On a recent single, Down By The Water, she sang of a mother and her drowned daughter. "There are a lot of very strange things that go on down in the country, things that in a city would seem quite extreme and abnormal," she says. "You are much more in touch with the dirtier side of life, basically, which I like. I am fascinated by things that might be considered repulsive or embarrassing. I like feeling unsettled, unsure. And I like music that operates physically, that shifts me about inside."

Blame it on her parents. Mr and Mrs Harvey were archetypal 1960s "heads", r'n'b enthusiasts originally, who decided to move from London to the West Country at that time when hippie pastoral, and the getting-it-together-in-the-country movement, were all the rage. He worked as a stonemason, she as a sculptor. At weekends they would organise gigs in the village hall, inviting bands down from London and putting the musicians up in the family home. "Every weekend the house was full of them. It still is. And when I was little I used to hate having all these strange people everywhere."

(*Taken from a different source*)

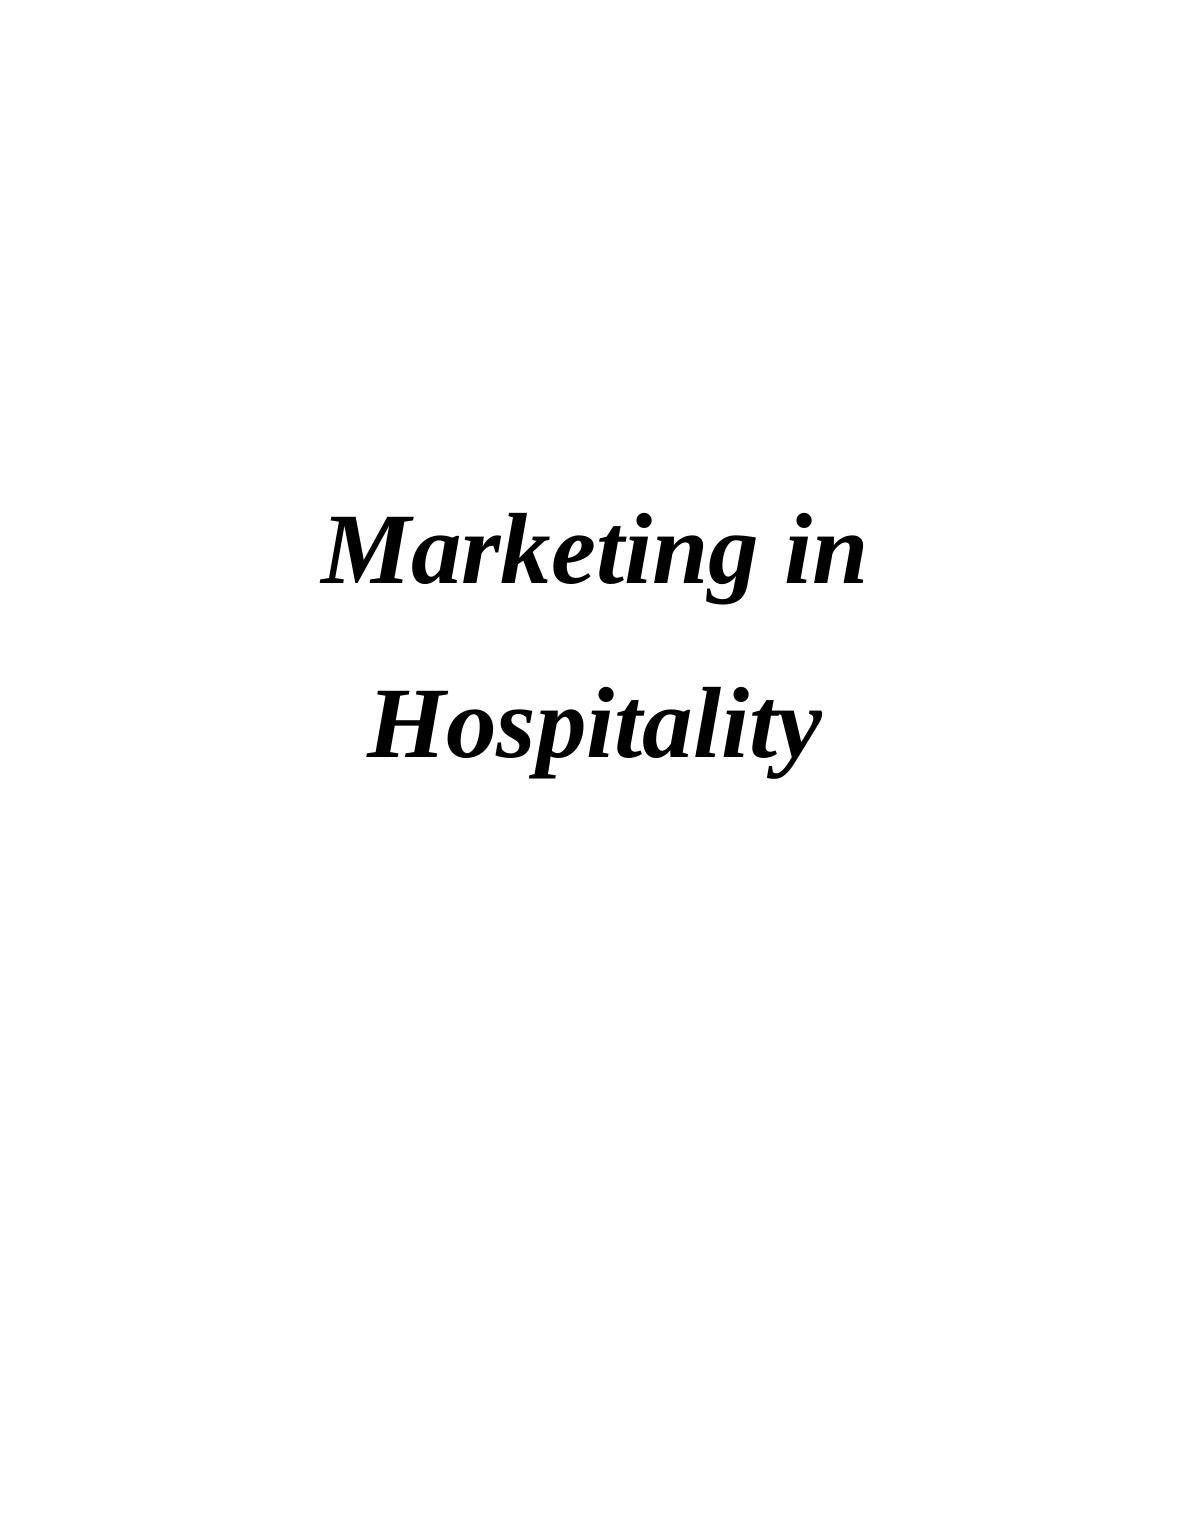 Marketing in Hospitality (Doc)_1

Equally stressful to the young Polly and her older brother was their parents' fondness for playing obscure old blues records, quite loudly, at meal times, "which made me feel really sick." Add to this the anguish she felt, aged six, upon hearing Pink Floyd's Dark Side Of The Moon - "that could never be played at home because I'd be in floods of tears" - it is a wonder that she ever thought about becoming a musician. But by 11 she was playing saxophone, and at 18 she started on the guitar, writing songs, and joined a local rock band.

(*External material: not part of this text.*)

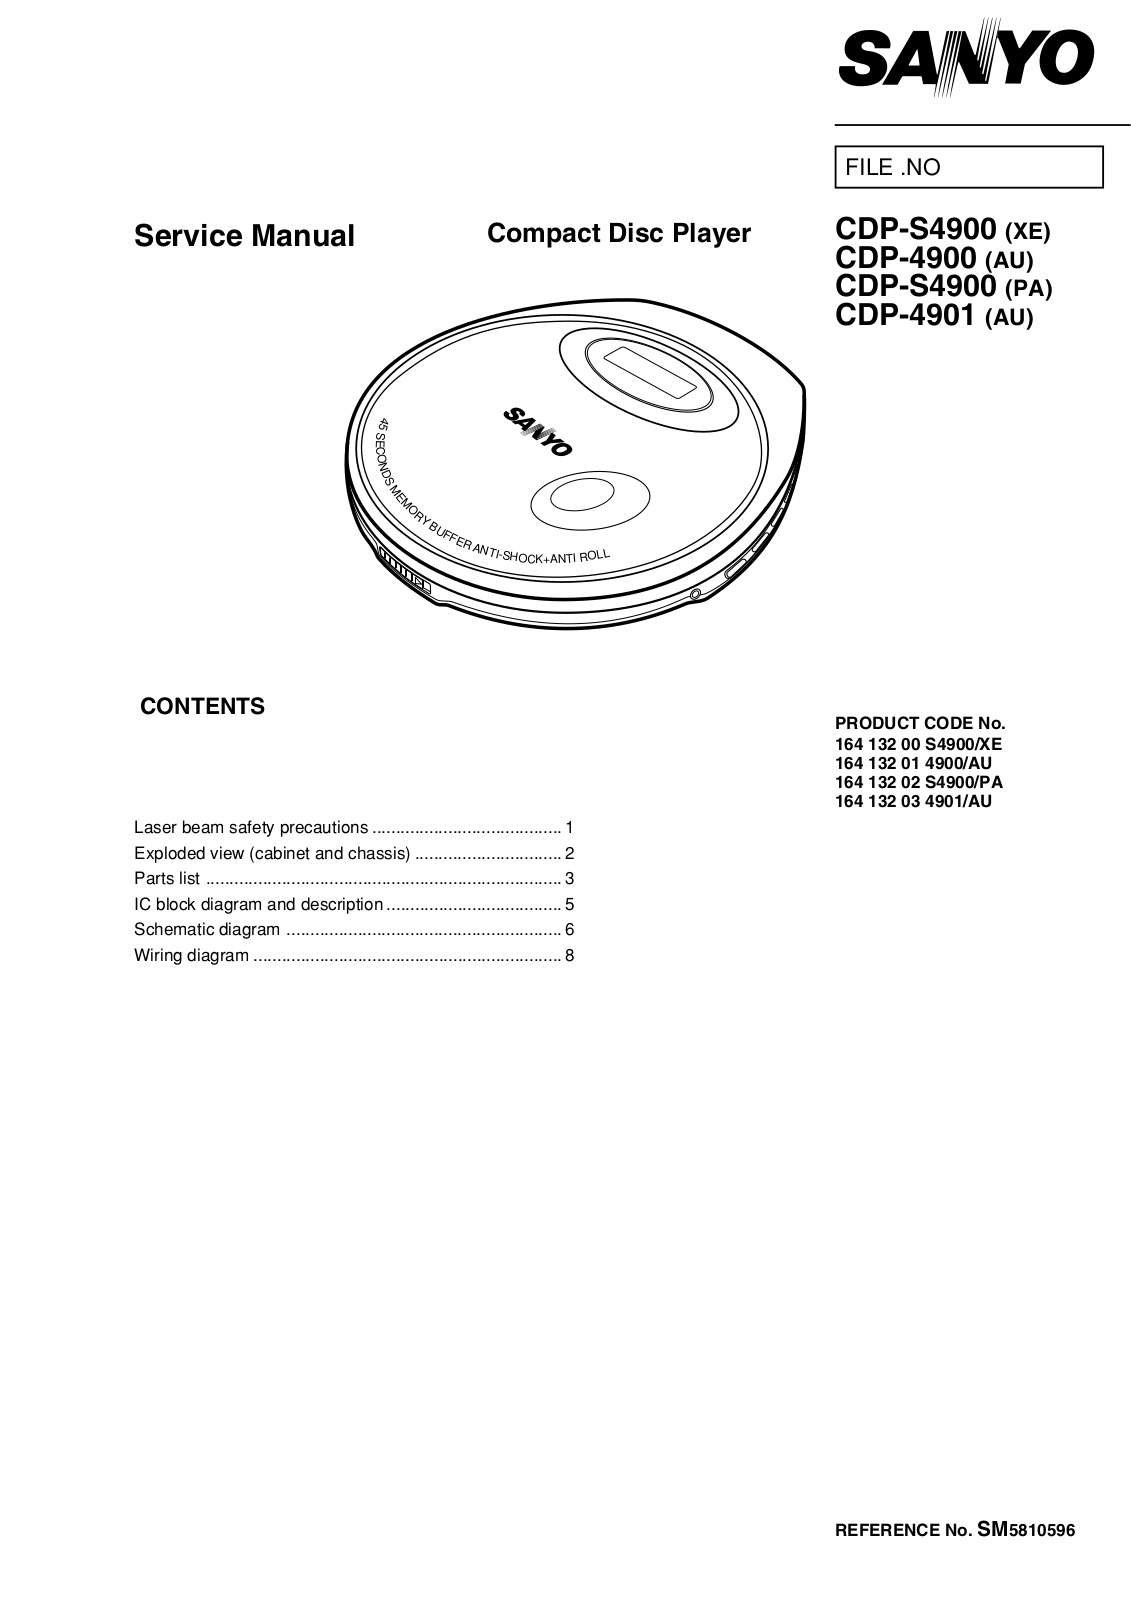 Sanyo CDP-4900, CDP-4901, CDPS-4900 Service manual

What she really wanted to do at that time though was sculpt, like her mother. So having been accepted at St Martin's School Of Art she moved up to London, keeping her latest, self-named three-piece group going as a sideline. Life in the big city proved a mixed blessing. After only their third gig at a pub in West Hampstead, PJ Harvey were taken up a highly fashionable independent label, Too Pure, and long before the album called Dry appeared to rave reviews in 1992, companies with much larger chequebooks that Too Pure's were waving them in her direction. She duly signed to Island Records. Two things then happened: the fine art course got put on hold indefinitely, which wasn't a problem, and she broke up with her boyfriend, which was. The combination of this failed relationship - her first, "I was a late starter" - and the pressures of sudden and unexpected success drove her back to Dorset and to the edge of what she concedes might have been a nervous breakdown, "but I'd rather say I just got ill." It also led to a second album, titled, with autobiographical bitterness, Rid Of Me, which was full of jagged squalls of guitar noise and vocals that occasionally called to mind that gut-wrenching sound made by the devil in The Exorcist.

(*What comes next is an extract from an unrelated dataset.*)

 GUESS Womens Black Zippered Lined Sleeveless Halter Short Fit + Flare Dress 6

Two years on, the music and the woman who maps out every word and note of it herself exude a more quietly confident air. She dissolved the PJ Harvey trio last year, because of "personality differences", and now says that she doesn't "feel like I'm in a rock band", which she isn't. After she has written and recorded a song in her home studio she takes it to an informal jury which includes her parents and a few close friends. She won't countenance any changes or amendments but a firm thumbs down from any of them is enough to junk the track, and she pays close heed to her father's advice about which songs ought to be released as singles.

She works obsessively, and at present there doesn't seem to be much time for a life for Polly away from the business of being PJ. When she's on the road, which she will be from now until next February, "I'm very boring, I go to bed early, don't smoke, don't drink." She says she missed the hand-rolled Golden Virginia and the cognac, "but they can wait". The last proper holiday she took was two years ago, when she and her mother flew to Barbados and lay in the sun, but she has no plans to jet off anywhere exotic when the current tour ends next year. Home in Dorset with her chickens, goats and four-wheel-drive Land Rove is where she longs to be: "Spending more time there is what I'm actually working towards. I love my home. It's a big old barn with high ceilings and stone walls, good for singing. And it's got a 50ft well in the kitchen floor." She giggles. "Oh yes. The girl who sings about drowning babies has got a well in her kitchen. Doesn't that sound idyllic?"